The 21st century skills our students have to learn should not only include how to turn the computer off and on, and how to hook up to a couple of game sites that the kids can use to keep them quiet when they finish the lesson of the day. Our students will be competing with kids around the world, for whom technology is a part of their daily life. They need to learn not only how to turn the computer on, but what makes the computer function. I have a sister who is from the beginning of the baby boom generation who is still convinced that the computer has a squirrel on a treadmill that makes it work! She won't even learn how to use it, allowing her husband and son-in-law to send the family updated e-mails and stay in touch. If it's not a telephone, it's suspect.

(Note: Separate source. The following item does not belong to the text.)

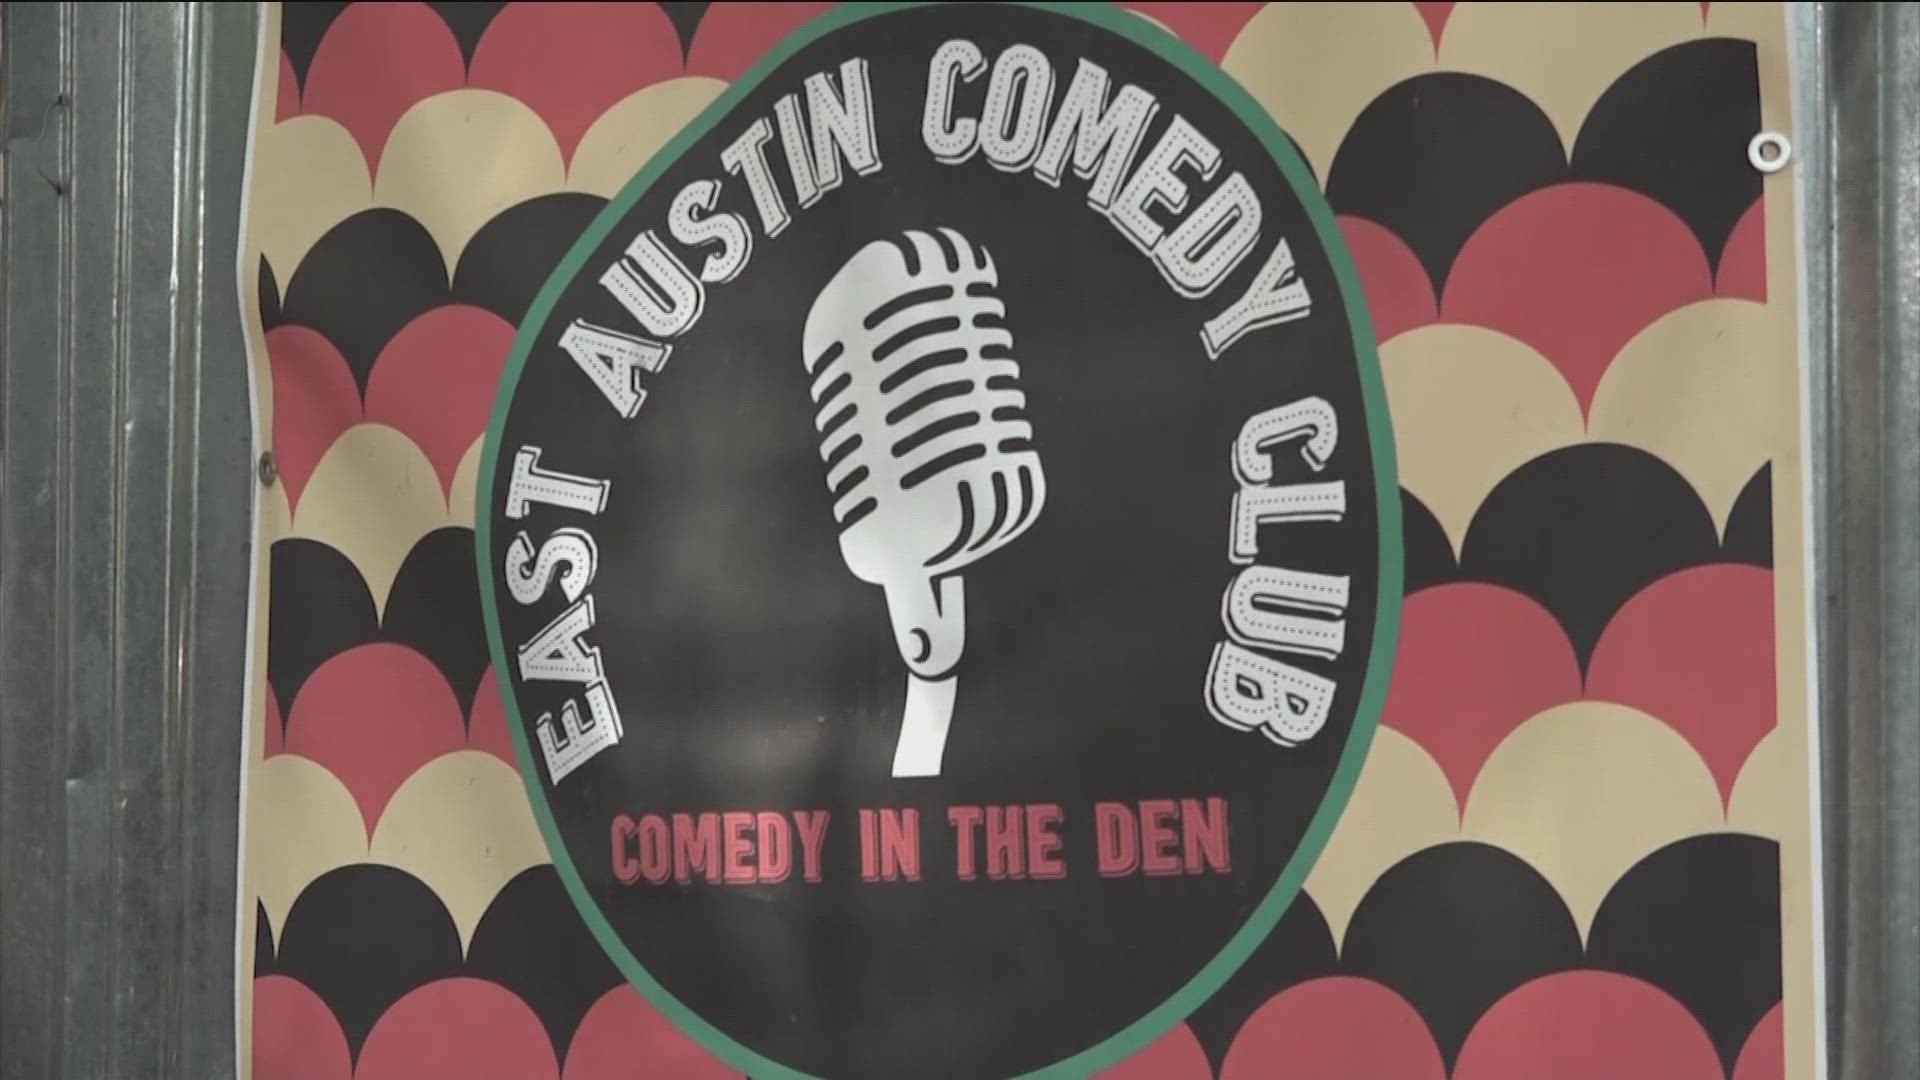 Founded by local comedians, Austin’s historic Tiger Den has been transformed into East Austin’s newest destination for laughs.

Another problem that I have with the technology being a reward issue is the fact that many schools still look on computer usage being reserved for the computer lab class. Wake up, people! If we want our students to know how to use computers, so they can compete with others, we have to take the computer lessons our kids learn out of the lab setting. Computers have to stop being a lesson taught in isolation. Until school districts start integrating computers into all areas of education, and start showing students all of the things that computers can do, across the board, students are the losers in the education race. Science lessons on Leonardo da Vinci can't be complete without seeing his work from the Louvre and other venues. You can't study space without NASA space simulations. History has to include actual on-line visits to places like the Acropolis or Dachau, places students can go on-line. Wouldn't Thoreau's Walden Pond take on new meaning in the literature classroom if students could visit the actual Walden Pond and feel the serenity there?
Give it a try and tell me what you think.